Instructions for the task ::
Transcribe word for word the lines below from the line with "Mountain Grove’s Deveyn" through the line with "Big Country Raw", ends included.

-------- Input

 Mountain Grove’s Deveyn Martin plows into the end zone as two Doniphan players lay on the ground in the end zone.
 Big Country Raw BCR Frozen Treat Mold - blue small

----------------
-------- Input

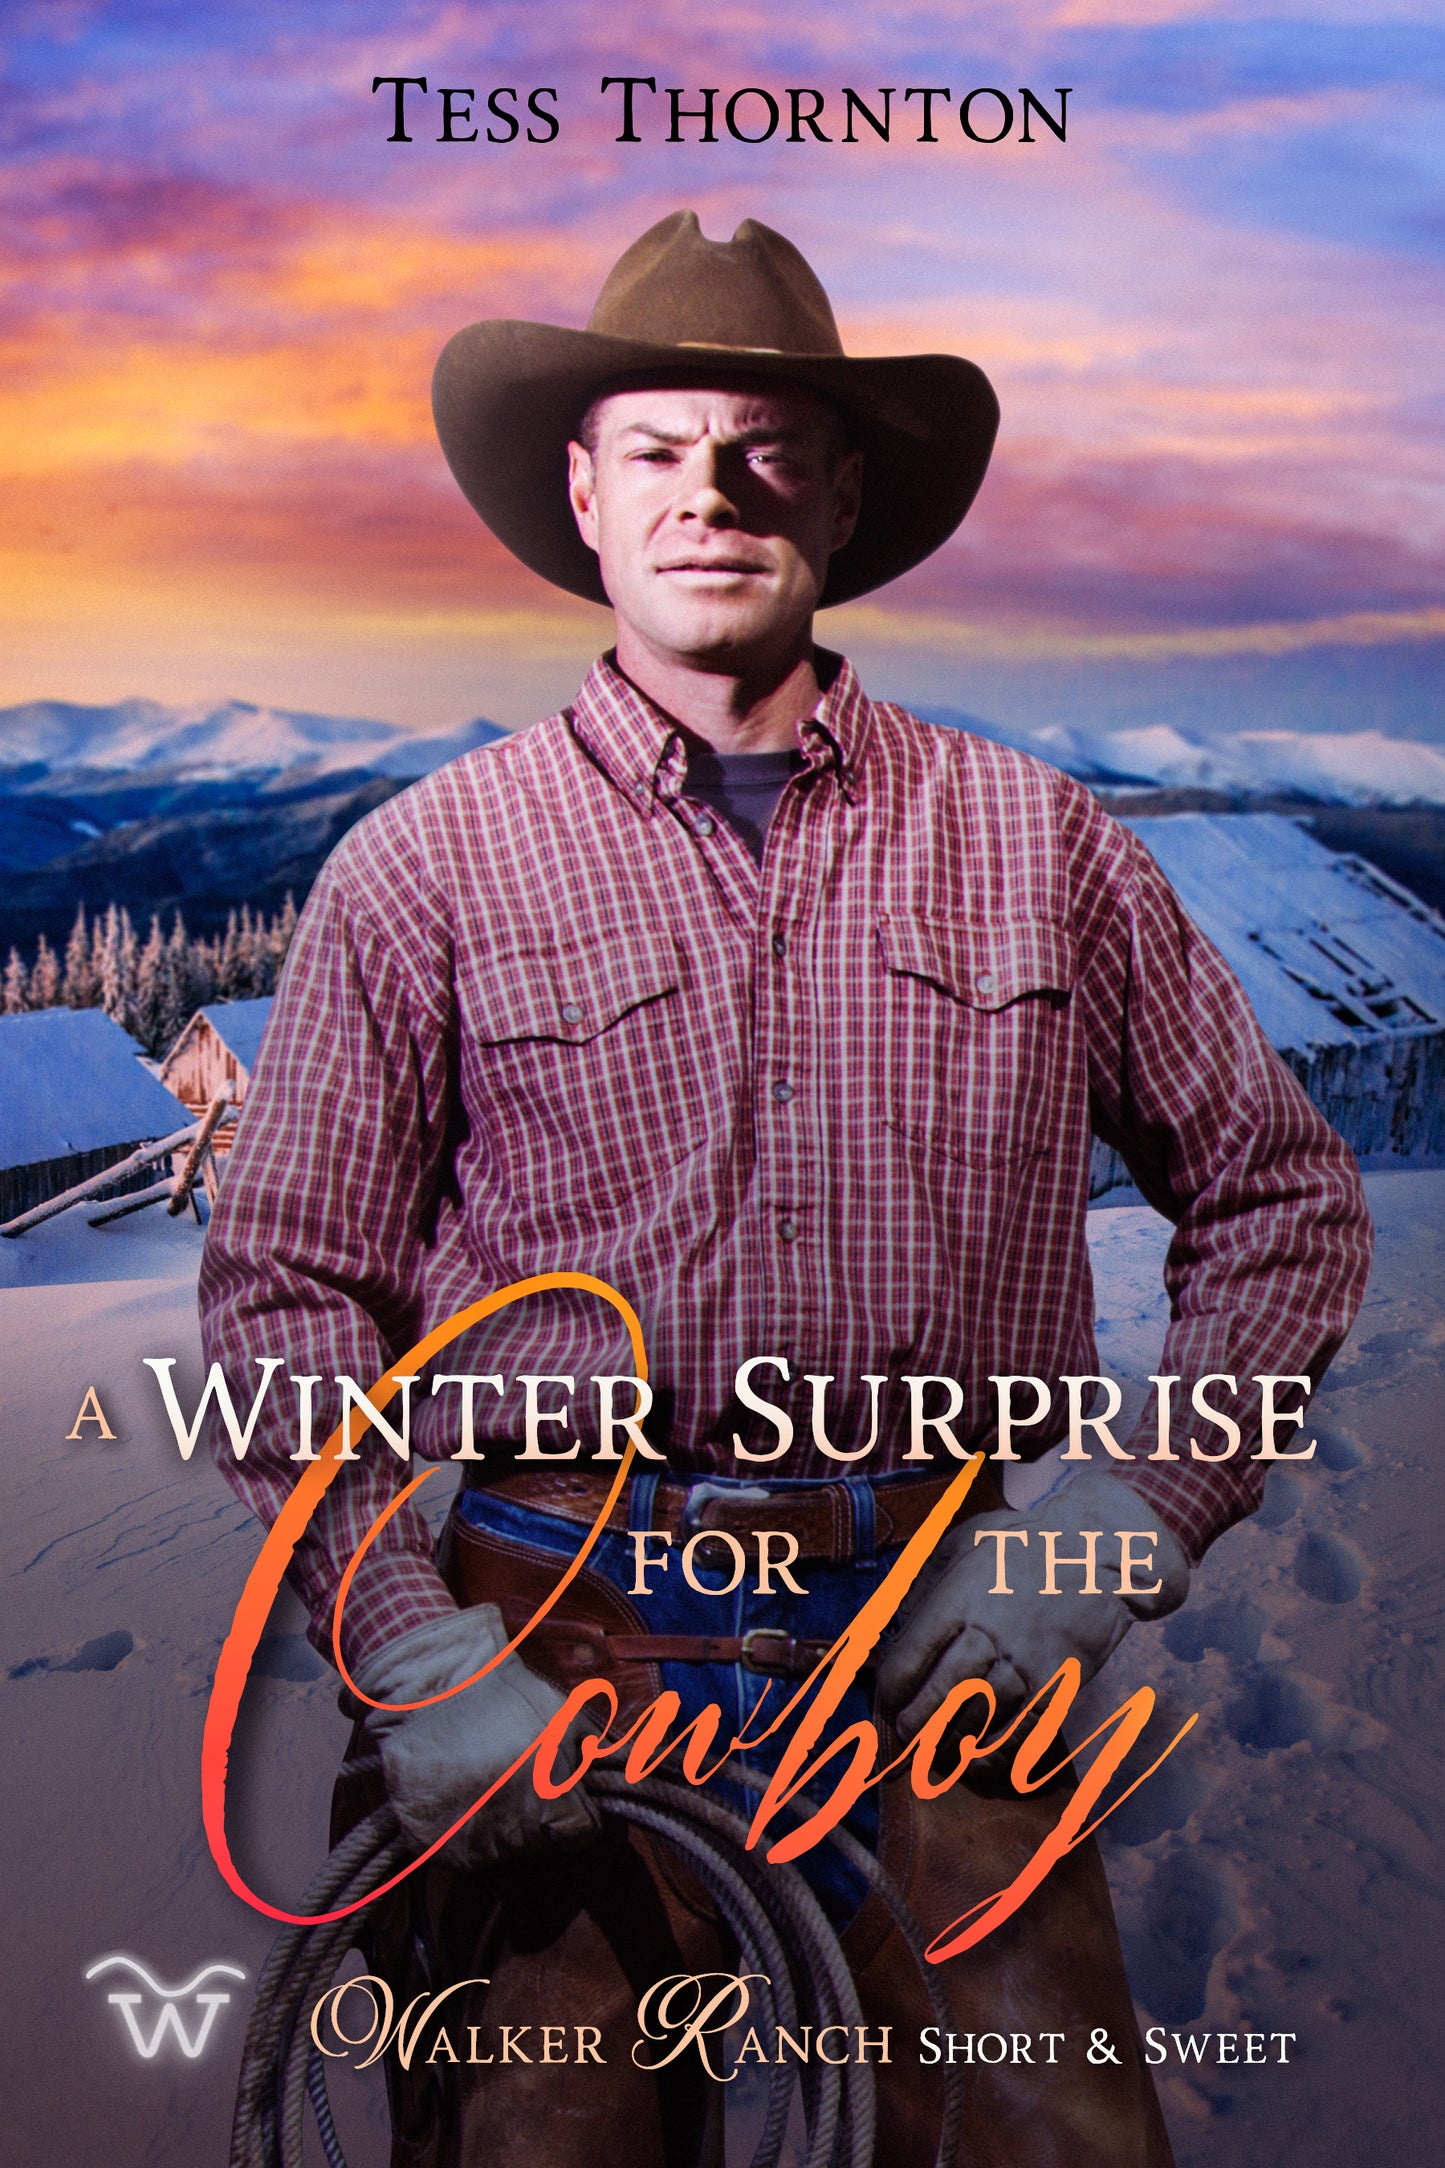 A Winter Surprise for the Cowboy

----------------

Response to the exercise ::
 Mountain Grove’s Deveyn Martin plows into the end zone as two Doniphan players lay on the ground in the end zone.
 Big Country Raw BCR Frozen Treat Mold - blue small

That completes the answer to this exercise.